Y no suelo ejercitar la paciencia.
Hay días que agradecería morir y esos días no muero. Cuando agradezca vivir, moriré.
Con los demás no ocurre, solo me pasa a mí; y sinceramente, agradezco la exclusividad aunque me dé mierda.
Es que hay tanta vulgaridad… Se agradece también la muerte de los otros.
Me gusta mi nula capacidad para respetar y soportar al prójimo. Me hace algo menos humano, más digno a juzgar por lo que sé de la chusma.
Es más fácil no ver que no escuchar. Aunque tampoco hay mucha diferencia, porque si tienes los ojos cerrados al final los abres para conocer a los idiotas que hablan, para identificar con precisión a quién debes despreciar y así comenzar tu nueva lista del día de aciagos deseos.
También pienso que los filos están infra utilizados, deberían dedicarse a tareas más higiénicas.

Iconoclasta

¡Eh! No todas son esclavas, idiota.
Algunas son putas y a mucha honra. Y eligieron graciosamente, en lugar de ganar una mierda durante un día entero, ganar una mierda en tan solo una hora.
A ver si alguien se va a pensar que todas las putas viven mal y son esclavas de un chulo.

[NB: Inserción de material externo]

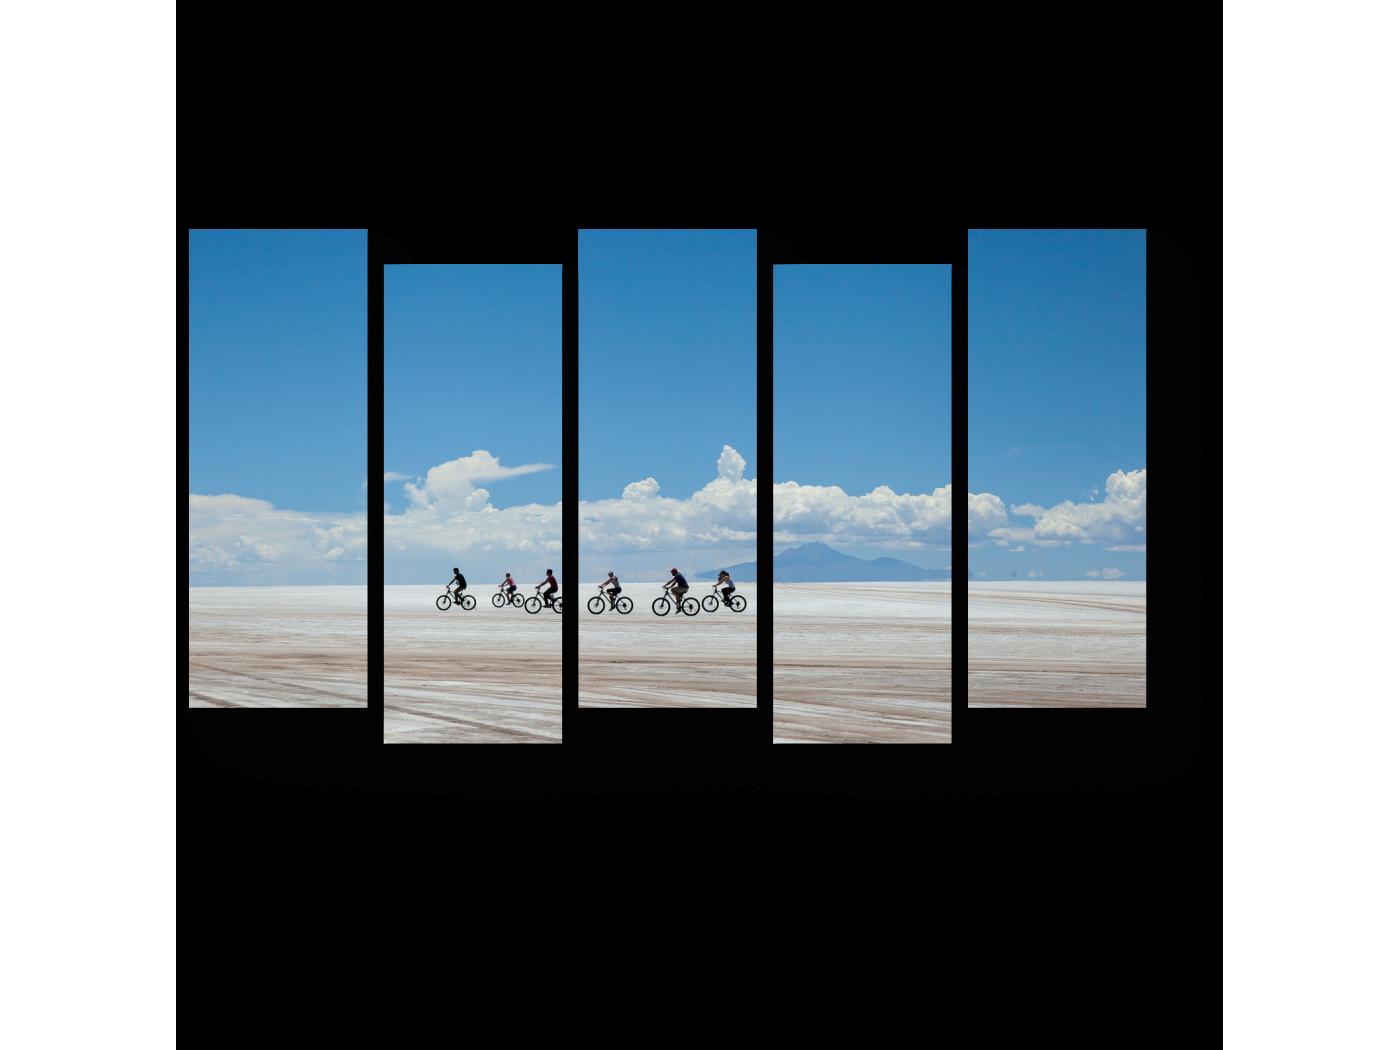 Модульная картина Велосипедисты на небесном фоне (90x52) фото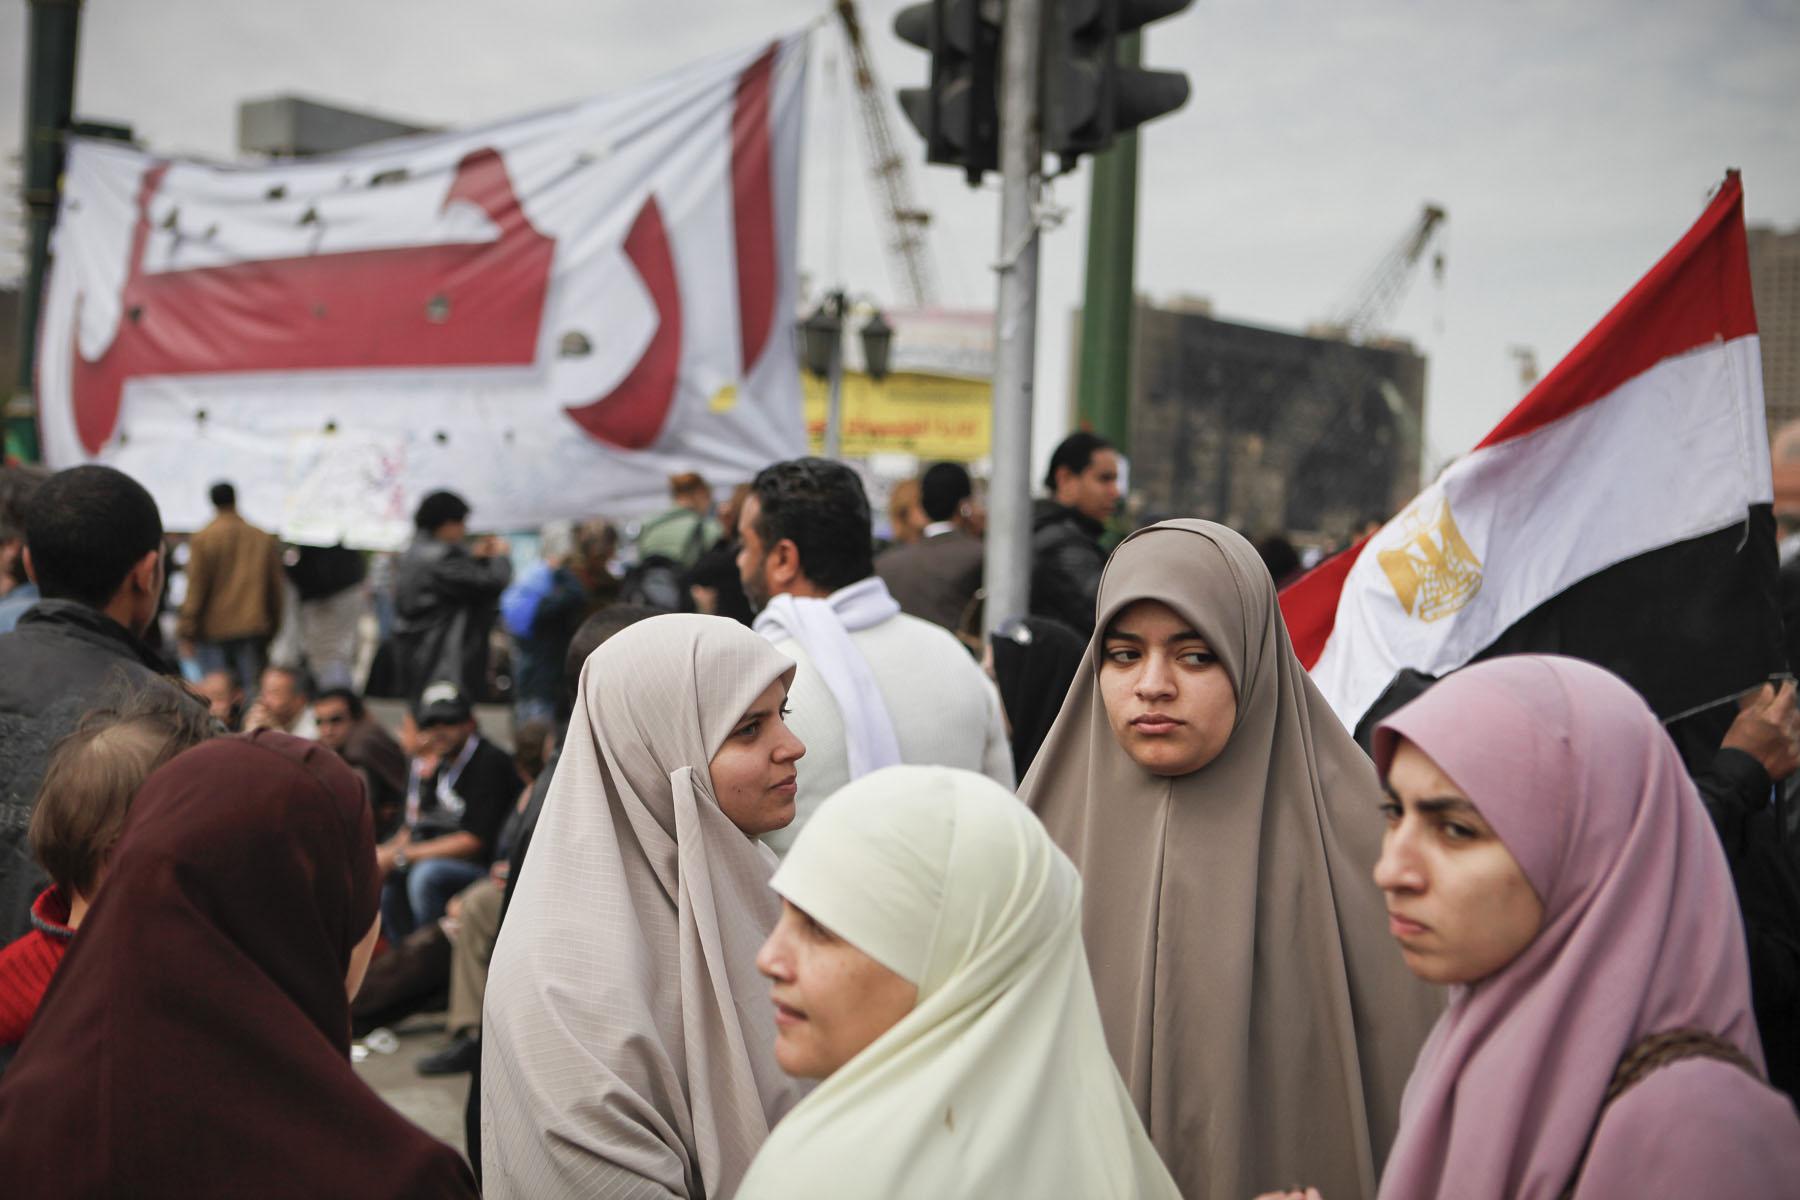 Anti-President Mubarak's women demonstrate on Tahrir Square on Sunday February 6 2011

Además, a la vez que la abogacía, es el trabajo más descansado y con el que más dinero se gana empleando el mínimo tiempo. A los borrachos les hacen el trabajo en apenas medio minuto, imagina la pasta.
Llamarlas esclavas es desacreditar a las putas. Tanto hablar de tolerancia y la prensa trata a las putas como si fueran carne de matadero.